2. The infrared-visible light image fusion method according to claim 1, characterized in that, The pre-trained infrared-visible light fusion model in the image fusion teacher model to be trained has N layers, and each layer is deployed with an infrared-visible light fusion unit. Using the image fusion teacher model to be trained, and guided by the multi-region semantic sample mask image, the student fusion sample image is fine-tuned to obtain the teacher fusion sample image, including: The multi-region semantic sample mask image and the student fused sample image are input into the prior fine-tuning unit to be trained embedded in the first layer to obtain the first fine-tuning intermediate image features. The student fused sample image is input into the infrared-visible light fusion unit of the first layer to obtain the first fused intermediate image features; The first fine-tuned intermediate image features and the first fused intermediate image features are input into the prior fine-tuning unit to be trained embedded in the second layer to obtain the second fine-tuned intermediate image features. By taking n values from 2 to N sequentially, the nth fine-tuned intermediate image features are input into the infrared-visible light fusion unit of the nth layer to obtain the nth fused intermediate image features; the nth fine-tuned intermediate image features and the nth fused intermediate image features are input into the prior fine-tuning unit to be trained embedded in the (n+1)th layer to obtain the (n+1)th fine-tuned intermediate image features; and the teacher fused sample image is obtained based on the Nth fine-tuned intermediate image features output by the infrared-visible light fusion unit of the Nth layer.

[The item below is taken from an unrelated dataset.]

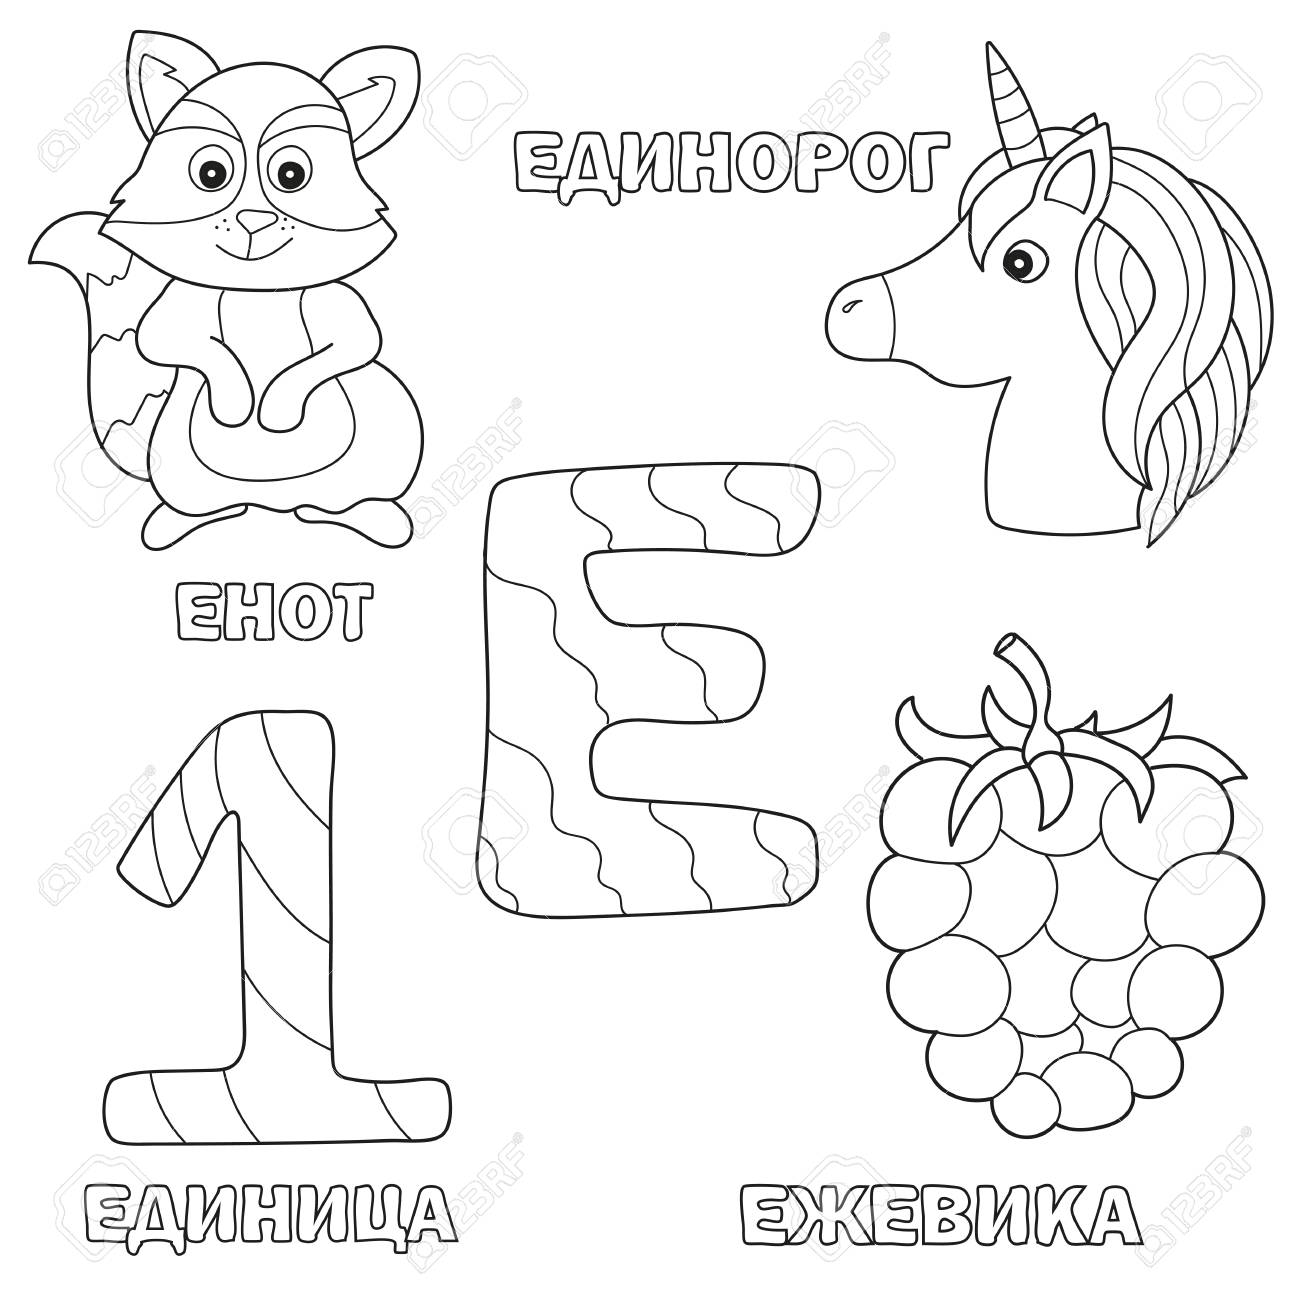 Alphabet letter with russian alphabet letters

3. The infrared-visible light image fusion method according to claim 2, characterized in that, The process of the prior fine-tuning unit embedded in the nth layer outputting the nth fine-tuned intermediate image features includes: When n is 1, the multi-region semantic sample mask map and the student fused sample image are spliced by the splicing sub-unit in the prior fine-tuning unit to be trained embedded in the nth layer; and when n is 2 to N, the (n-1)th fine-tuned intermediate image features and the (n-1)th fused intermediate image features are spliced by the splicing sub-unit in the prior fine-tuning unit to be trained embedded in the nth layer. When n is 1 to N, the output of the stitching unit is processed by the first sub-unit in the prior fine-tuning unit embedded in the nth layer to obtain the first intermediate feature; the first intermediate feature is processed by the second sub-unit in the prior fine-tuning unit embedded in the nth layer to obtain the first intermediate feature, and the first intermediate feature is processed by the linear layer in the prior fine-tuning unit embedded in the nth layer to obtain the first intermediate feature; the output of the second sub-unit is fused with the output of the linear layer to obtain the nth fine-tuned intermediate image feature; The first subunit and the second subunit have the same structure, both including a first convolutional module, an activation function layer and a second convolutional module connected in series.

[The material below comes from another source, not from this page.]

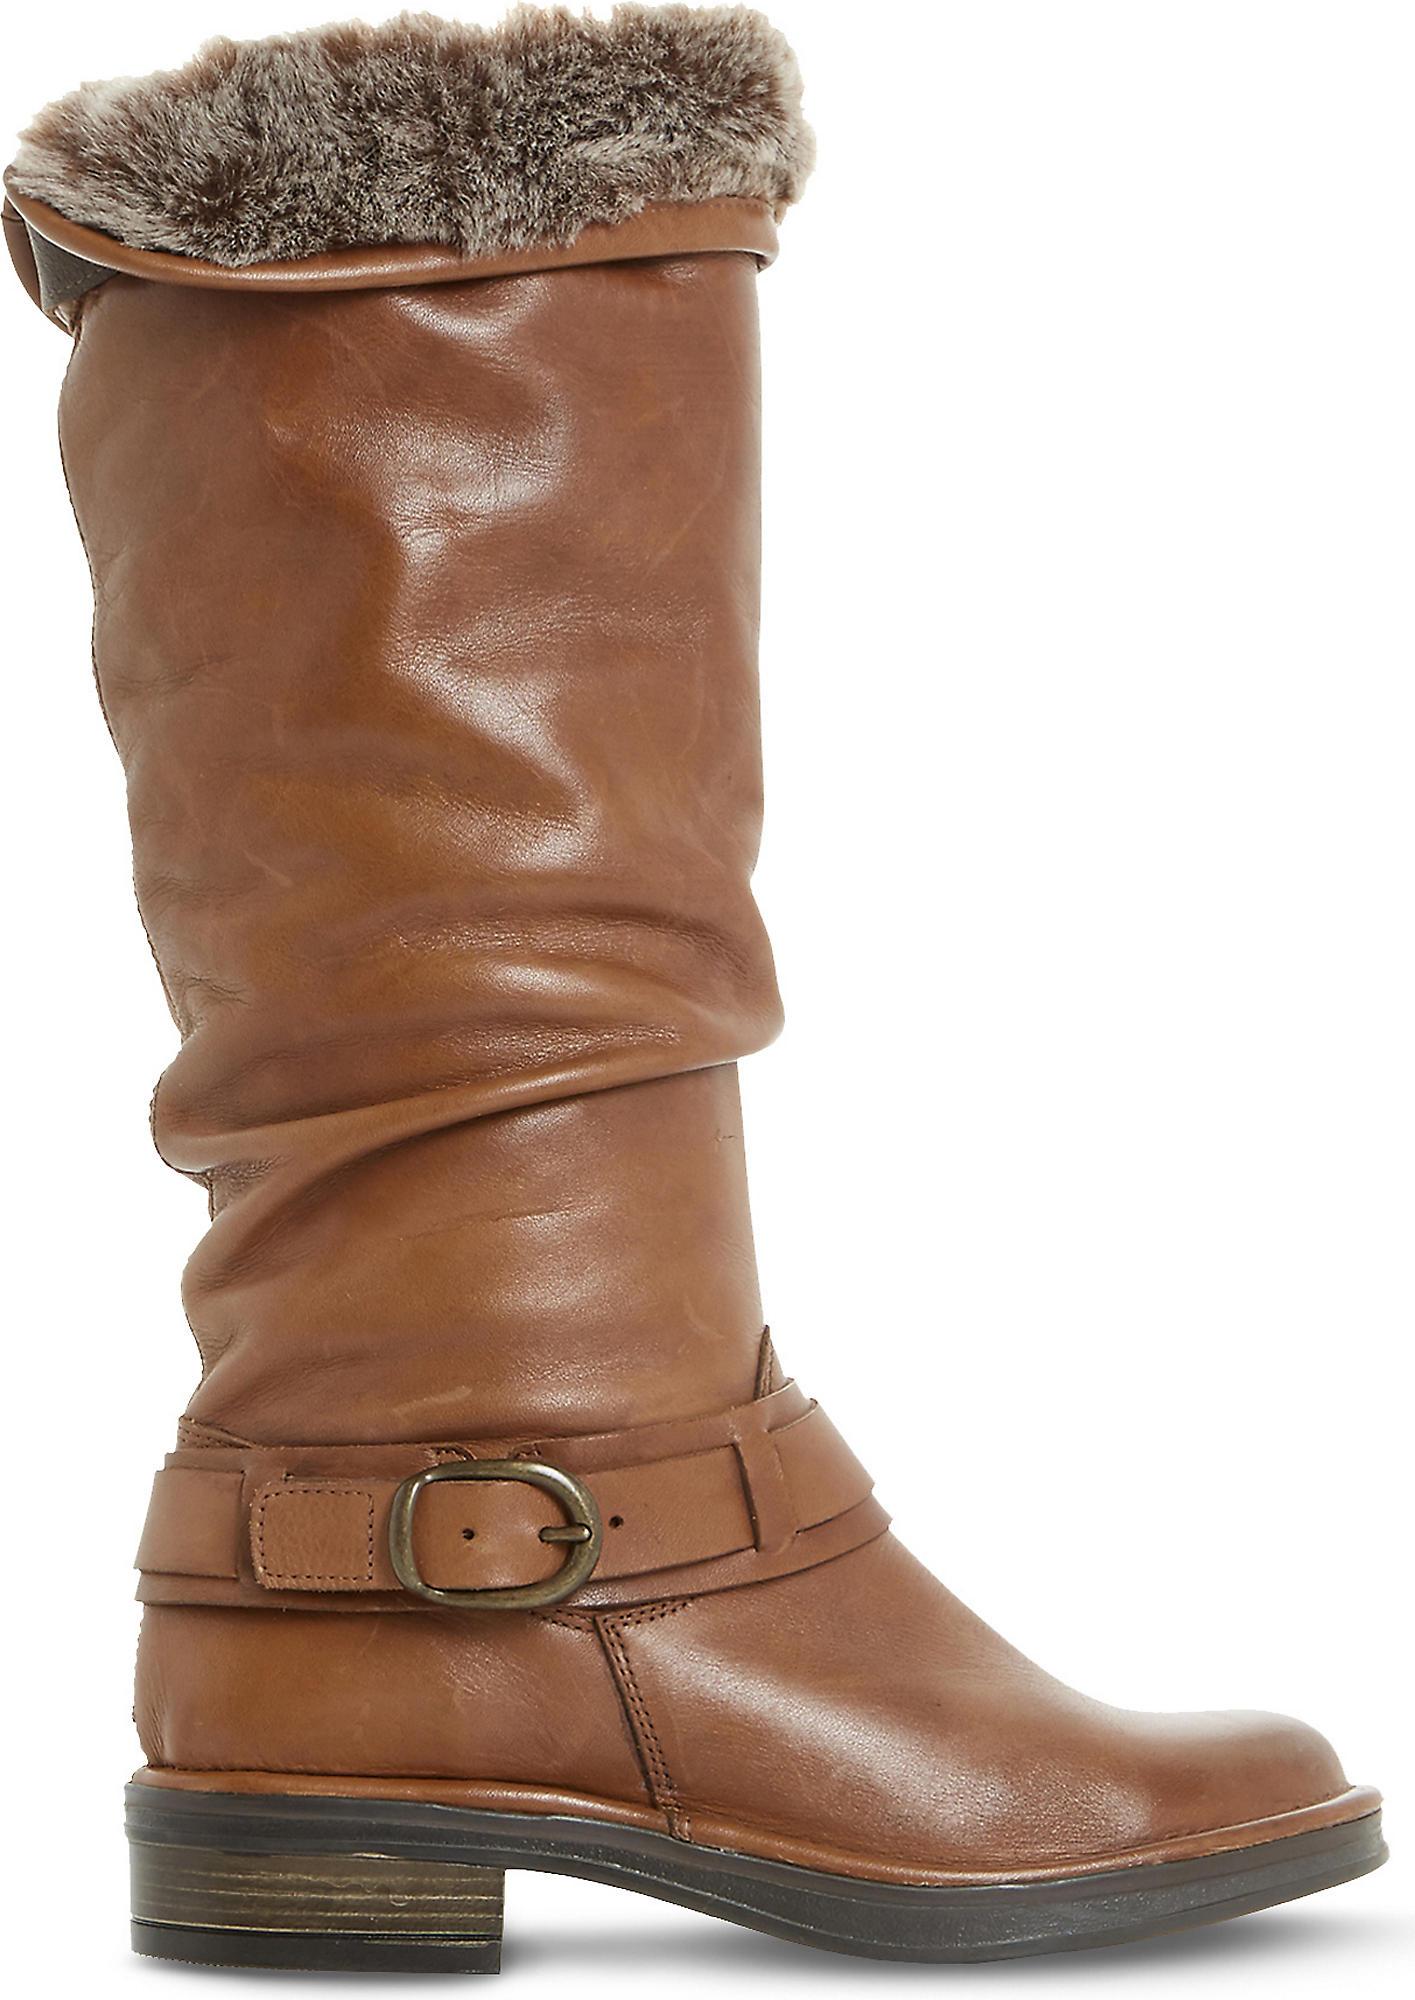 Dune Torie Ruched Leather Boots in Tan-Leather (Brown) - Lyst

4. The infrared-visible light image fusion method according to claim 1, characterized in that, The method further includes: Based on the differences between the teacher fusion sample image and the infrared sample image, and the differences between the teacher fusion sample image and the visible light sample image, the model parameters of each prior fine-tuning unit in the image fusion teacher model to be trained and the model parameters of the pre-trained infrared and visible light fusion model are updated to obtain the trained image fusion teacher model. The trained image fusion teacher model, the pre-trained infrared and visible light fusion model, and the pre-trained semantic extraction model constitute an image fusion system for fusing infrared target images and visible light target images for a target scene.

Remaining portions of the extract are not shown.